2. Discovery
- The new leader synchronizes its state with followers
- Followers acknowledge the leader and confirm synchronization
3. Broadcast
- The leader receives client requests and creates proposals
- Each proposal is assigned a monotonically increasing identifier (zxid)
- Proposals are broadcast to followers
- When a majority of followers acknowledge a proposal, the leader commits it
- The commit decision is broadcast to followers
ZAB Implementation Example
Here’s a simplified implementation of ZAB’s core components:
public class ZabServer {
enum ServerState {
LOOKING, FOLLOWING, LEADING
}
private ServerState state;
private long currentEpoch;
private long lastZxid;
private List<Transaction> history;
private Map<Long, Transaction> pendingTransactions;
private Set<ZabServer> quorum;
// Leader election
public void startLeaderElection() {
state = ServerState.LOOKING;
// Send out vote with last zxid
Vote myVote = new Vote(getServerId(), currentEpoch, lastZxid);
broadcastVote(myVote);
// Collect votes and determine winner
// (Simplified - actual implementation uses multiple rounds)

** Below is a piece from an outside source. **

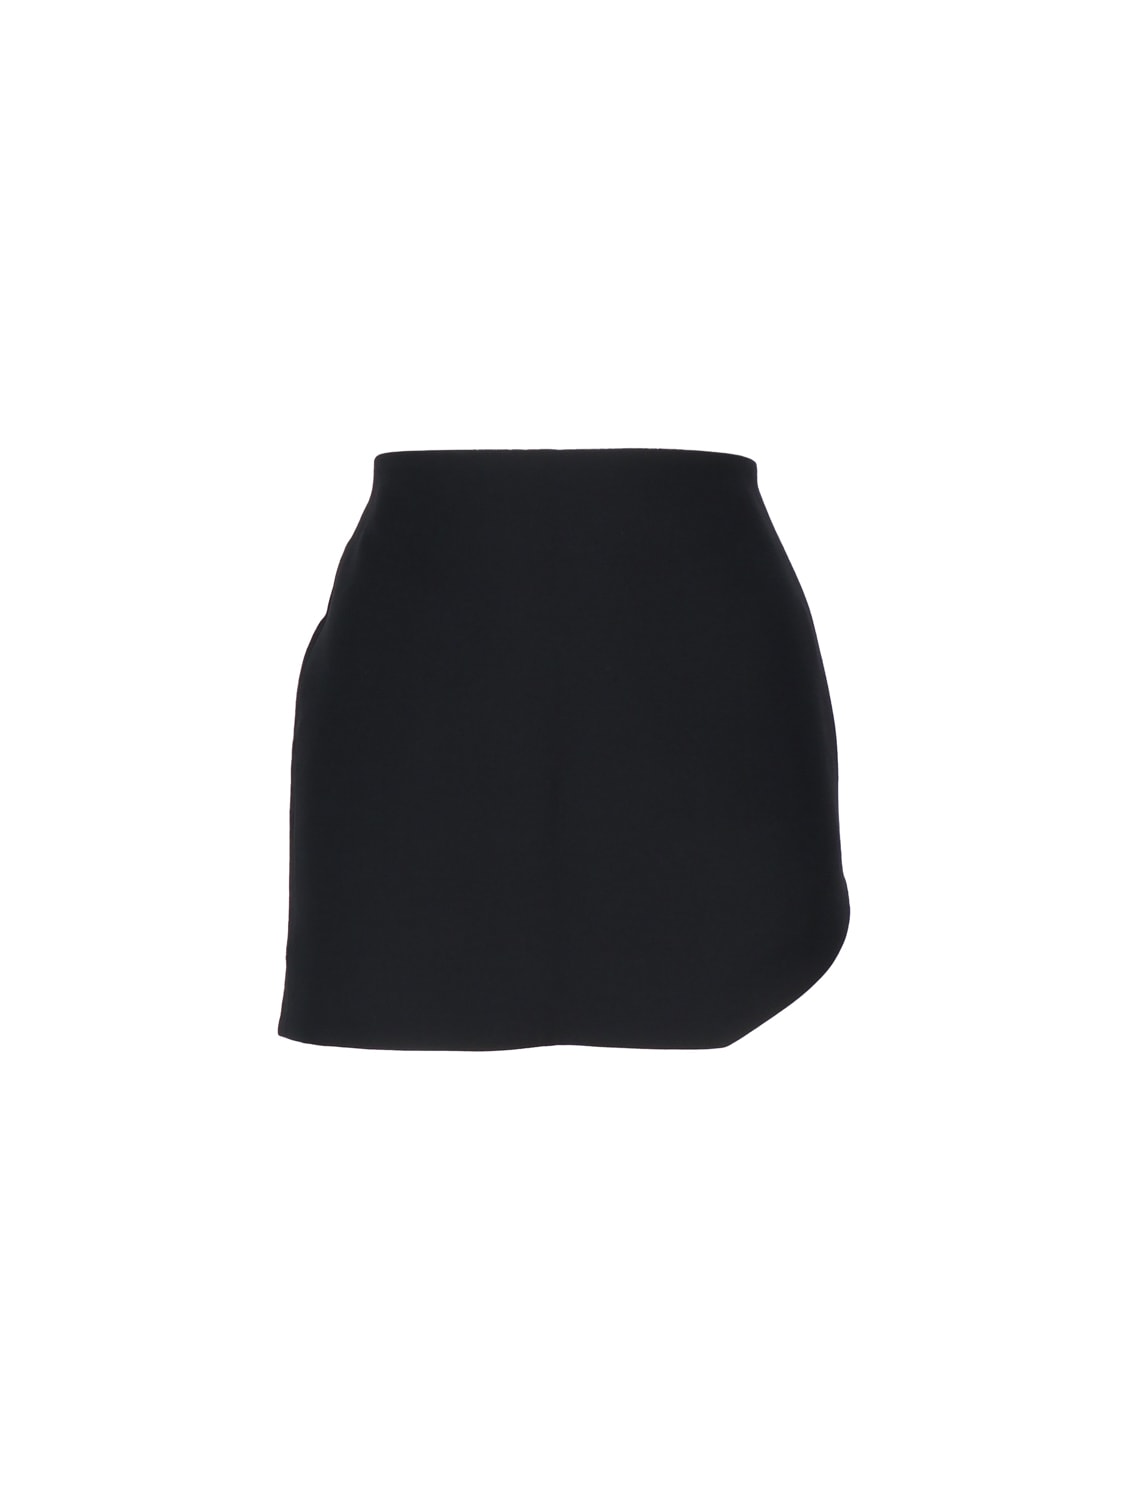 Amber Asymmetric Skirt

Map<Integer, Vote> receivedVotes = collectVotes();
Vote electedLeader = selectLeader(receivedVotes);
if (electedLeader.getServerId() == getServerId()) {
becomeLeader();
} else {
becomeFollower(electedLeader.getServerId());
}
}
// Leader functionality
private void becomeLeader() {
state = ServerState.LEADING;
currentEpoch++;
// Discovery phase
List<FollowerInfo> followers = collectFollowerInfo();
long newEpochZxid = createNewEpochZxid();
// Find highest zxid among followers
long highestZxid = lastZxid;
for (FollowerInfo info : followers) {
if (info.getLastZxid() > highestZxid) {
highestZxid = info.getLastZxid();
}
}
// Synchronize followers
for (FollowerInfo follower : followers) {
synchronizeFollower(follower, highestZxid);
}
// Start processing client requests
startProcessingRequests();
}
// Process a client request as leader
public void processRequest(Request request) {
// Create transaction
Transaction txn = new Transaction(
createZxid(),
request.getOperation(),
request.getData()
);
// Store in pending transactions
pendingTransactions.put(txn.getZxid(), txn);
// Broadcast to followers
List<ZabServer> acks = broadcastTransaction(txn);
// If majority acknowledge, commit
if (acks.size() > quorum.size() / 2) {
commit(txn);
broadcastCommit(txn);
}
}
// Follower functionality
private void becomeFollower(int leaderId) {
state = ServerState.FOLLOWING;
// Connect to leader
connectToLeader(leaderId);
// Send follower info
sendFollowerInfo(lastZxid);
// Process messages from leader
while (state == ServerState.FOLLOWING) {
Message message = receiveFromLeader();
if (message instanceof Transaction) {
Transaction txn = (Transaction) message;
// Validate transaction
if (isValidTransaction(txn)) {
// Log transaction
logTransaction(txn);
// Acknowledge
sendAck(txn.getZxid());
}
} else if (message instanceof Commit) {
Commit commit = (Commit) message;
// Apply committed transaction
applyTransaction(commit.getZxid());
}
}
}
// Create a new zxid
private long createZxid() {
// zxid is a 64-bit number:
// - high 32 bits: epoch
// - low 32 bits: counter
return (currentEpoch << 32) | (++lastZxid & 0xFFFFFFFFL);
}
// Apply a transaction to the state machine
private void applyTransaction(long zxid) {
Transaction txn = pendingTransactions.get(zxid);
if (txn != null) {
// Apply to state machine
applyToStateMachine(txn);
// Add to history
history.add(txn);
// Remove from pending
pendingTransactions.remove(zxid);
}
}
}
When to Use ZAB
ZAB is appropriate when:
- You’re using ZooKeeper as your coordination service
- You need a protocol optimized for primary-backup replication
- You require strong ordering guarantees for operations
Challenges with ZAB
- Specifically designed for ZooKeeper, less general-purpose
- Less documentation and fewer implementations compared to Paxos and Raft
- Leader-based design can be a bottleneck
Byzantine Fault Tolerance (BFT) Algorithms
The algorithms discussed so far assume crash-failure: nodes either work correctly or stop working entirely. Byzantine fault tolerance addresses a more challenging scenario where nodes can behave arbitrarily, including sending conflicting information to different parts of the system.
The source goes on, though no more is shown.